The law regarding claimant’s rights
An adult has three years from the date of realising that negligence has occurred to bring litigation against a third party. Children have three years from the time they turn 18. On this basis, to consider yourself immune because your clinics were delivered weeks or months ago is a dangerous approach. Many claims for clinical negligence take time to manifest, with some not being notified until several years after the original misdiagnosis.
“I’m unlikely to have a claim”
Agreed. Most clinicians go their whole career without as much as a blemish on their professional record. However litigation can be wrongly directed, allegations can be falsely made, or you might be joined in litigation for your peripheral role in a much larger matter. In all instances you should seek legal representation and advice – all of which comes at a great cost, a cost which you will have to personally bear if you do not maintain insurance.
Exposing the practice
If you’re a practice or a federation and have delivered healthcare contracts previously requiring insurance, it’s important cover is maintained for these too. As an employer you are vicariously liable for the actions of your employees, and are able to be joined in litigation just as much as the treating clinician. Whilst it’s possible to deflect action, this comes at a cost. Equally there is no escaping your overarching responsibility for the quality of care delivered in your business’ name. If your business isn’t injured, and isn’t a limited company, the liability of any costs – and awards – will be shared between all partners who are jointly, and severally liable.
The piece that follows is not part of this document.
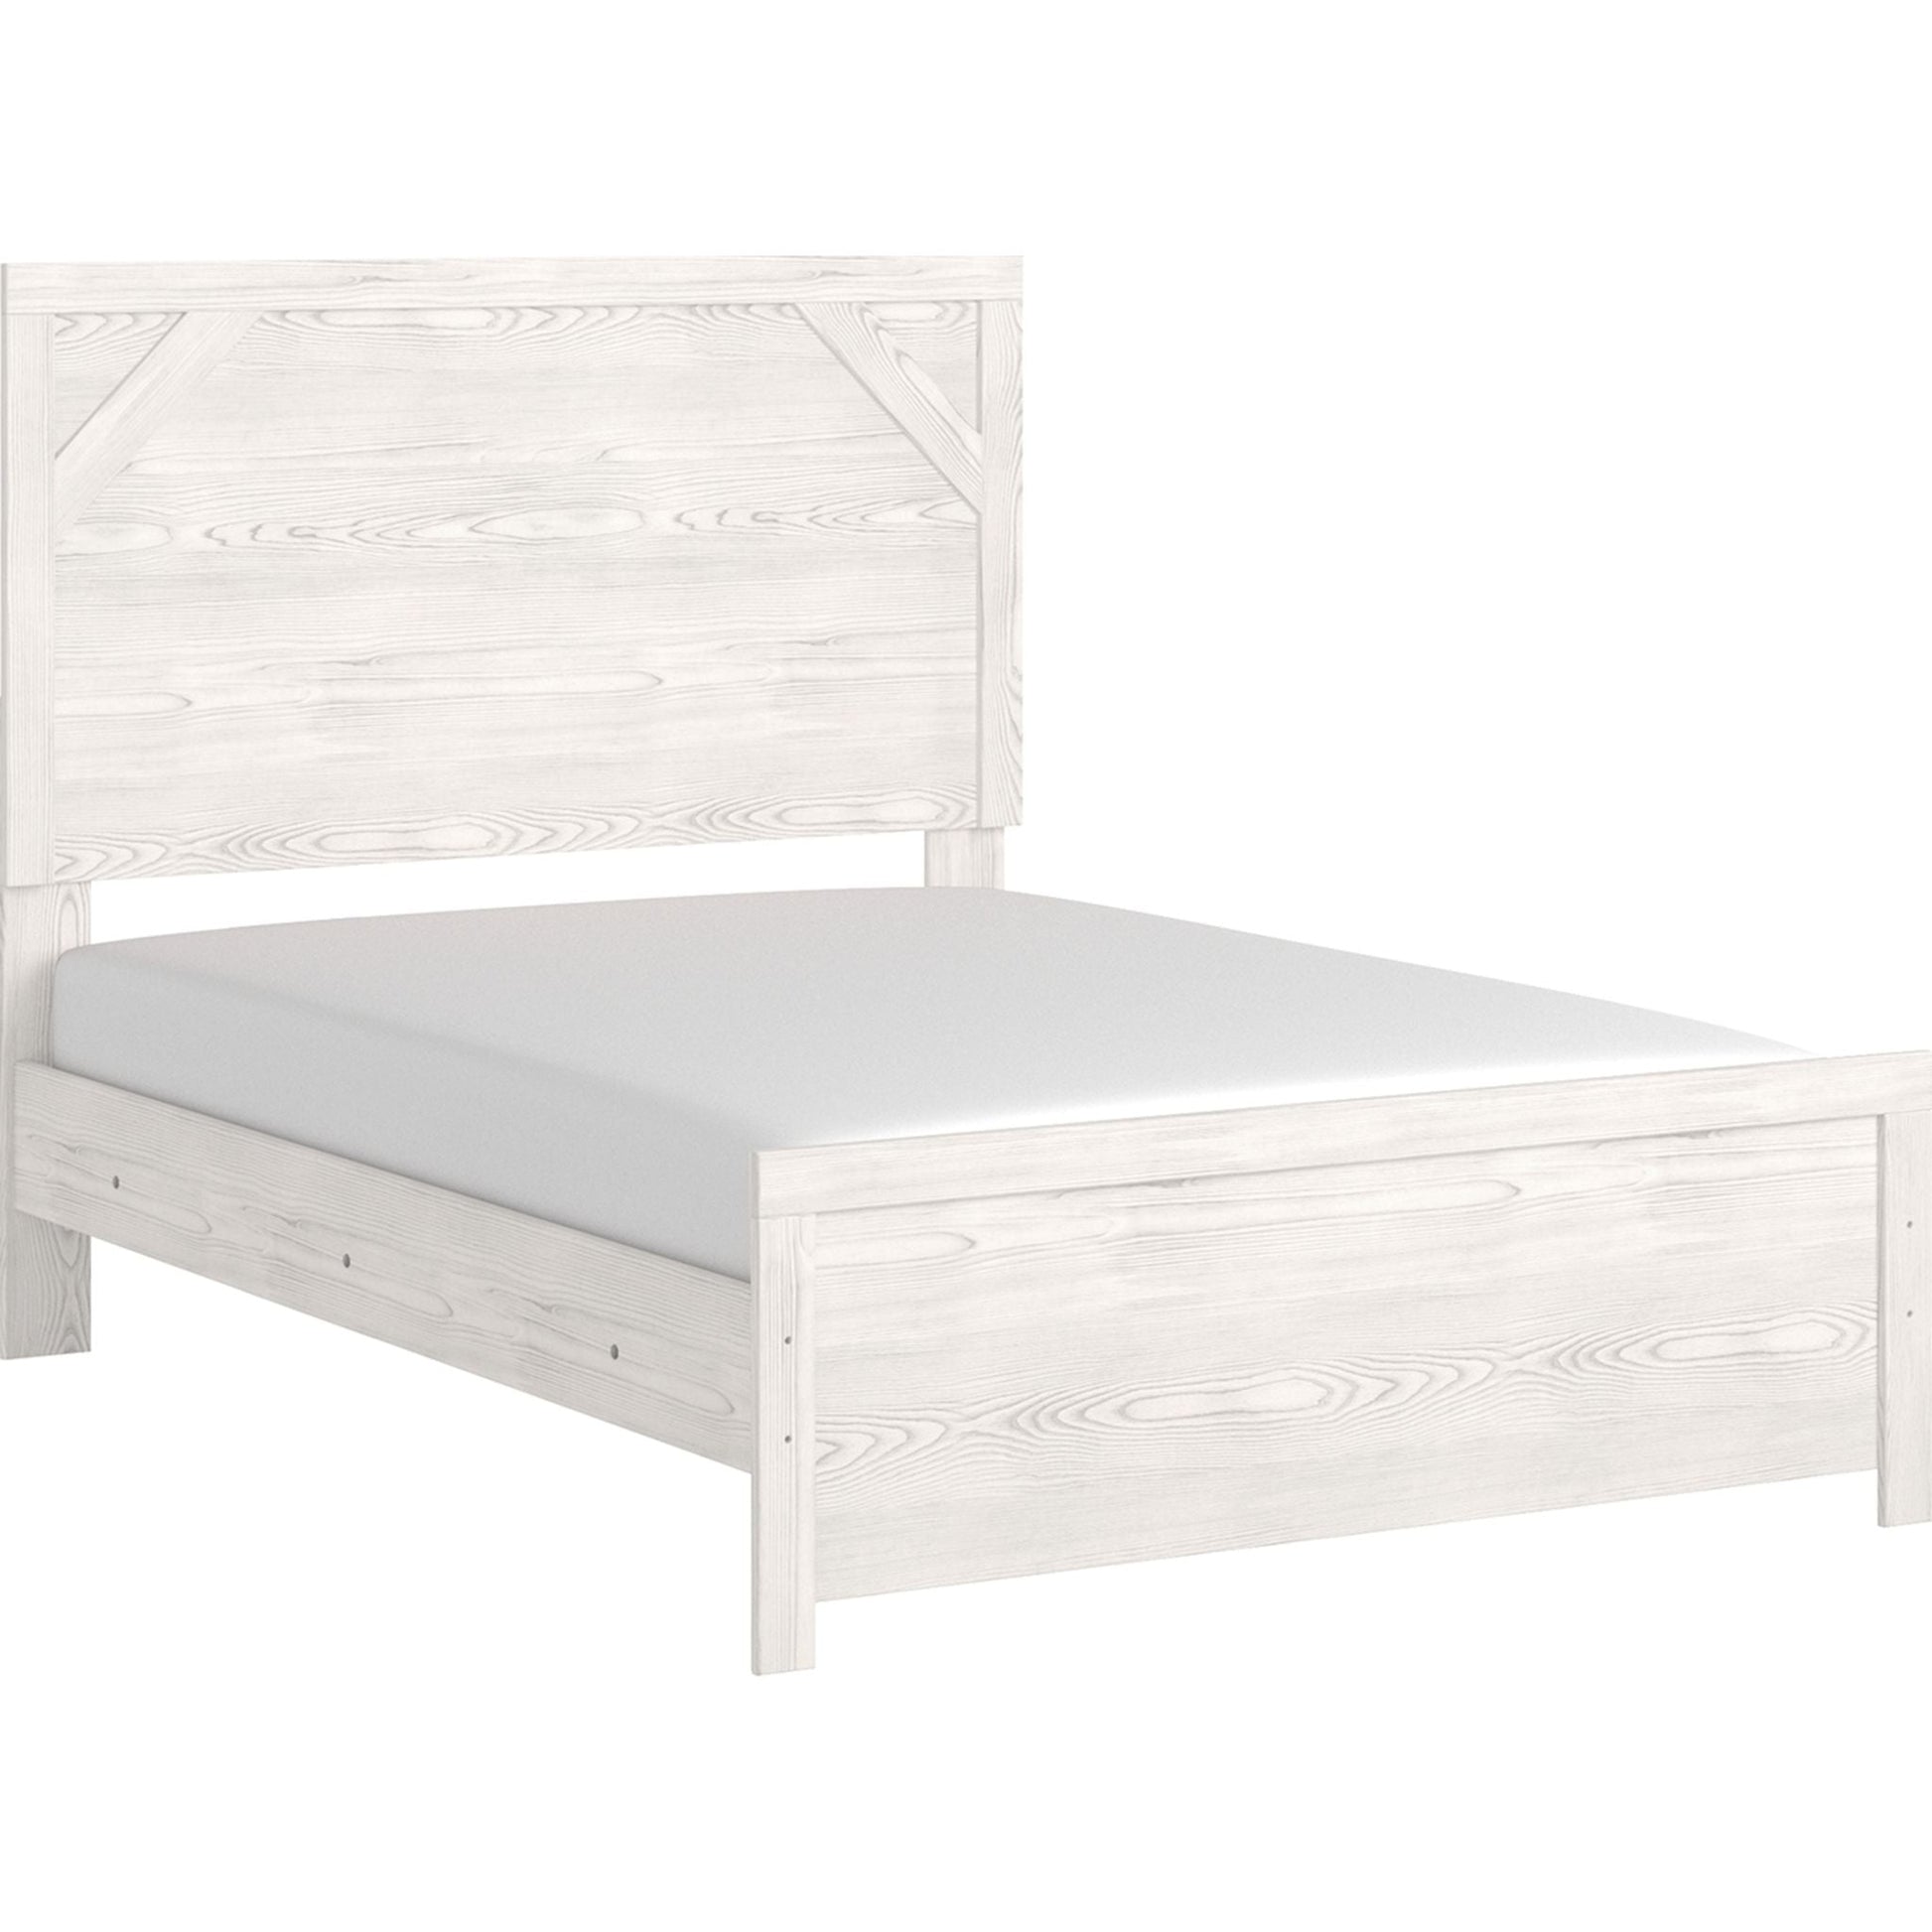 Gerridan 3 Piece Full Bed - White/Gray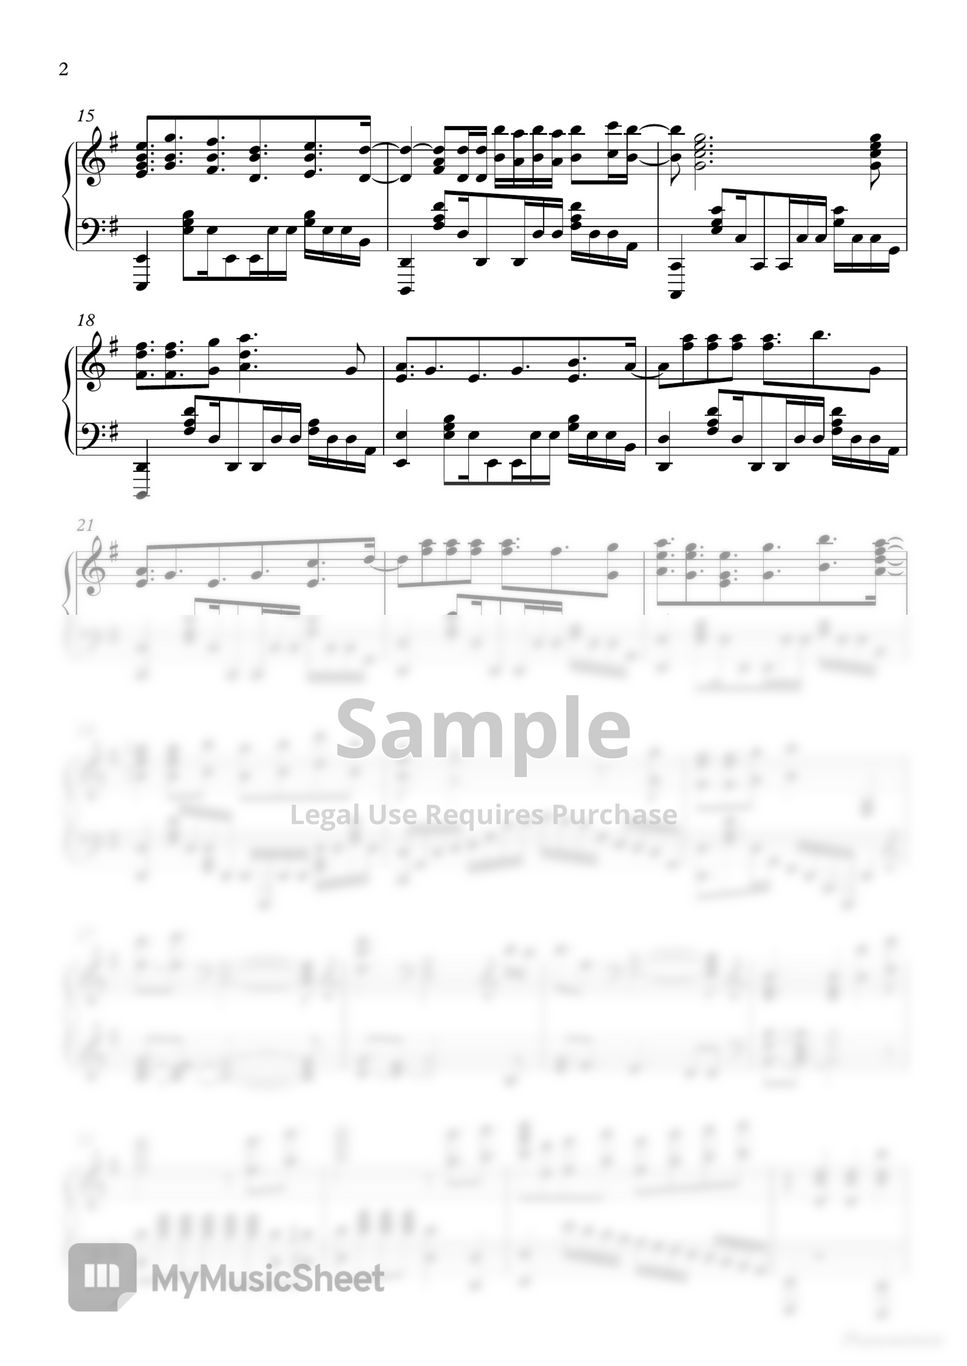 LiSA - Gurenge by Pianominion

The decision to buy run-off cover should be made after careful consideration of all the associated risks. If you run a business, it’s imperative that you do all you can to protect your exposures, including insisting that all of your practitioners are indemnified for their work, both past and present. Equally as a clinician, the risk of claims can be too much to bear for many, especially as claims can spiral into five or six figure settlements for the most minor or allegations.
The stress of a claim, coupled with the financial burden and drawn out litigation process can place a millstone around the neck of a defendant. The only truly responsible way to minimise the burden and provide adequate recourse for your patients is to maintain indemnity in the immediate term. Until the position of the state is to accept liability for past works, we strongly advocate maintaining insurance for as long as it’s affordable.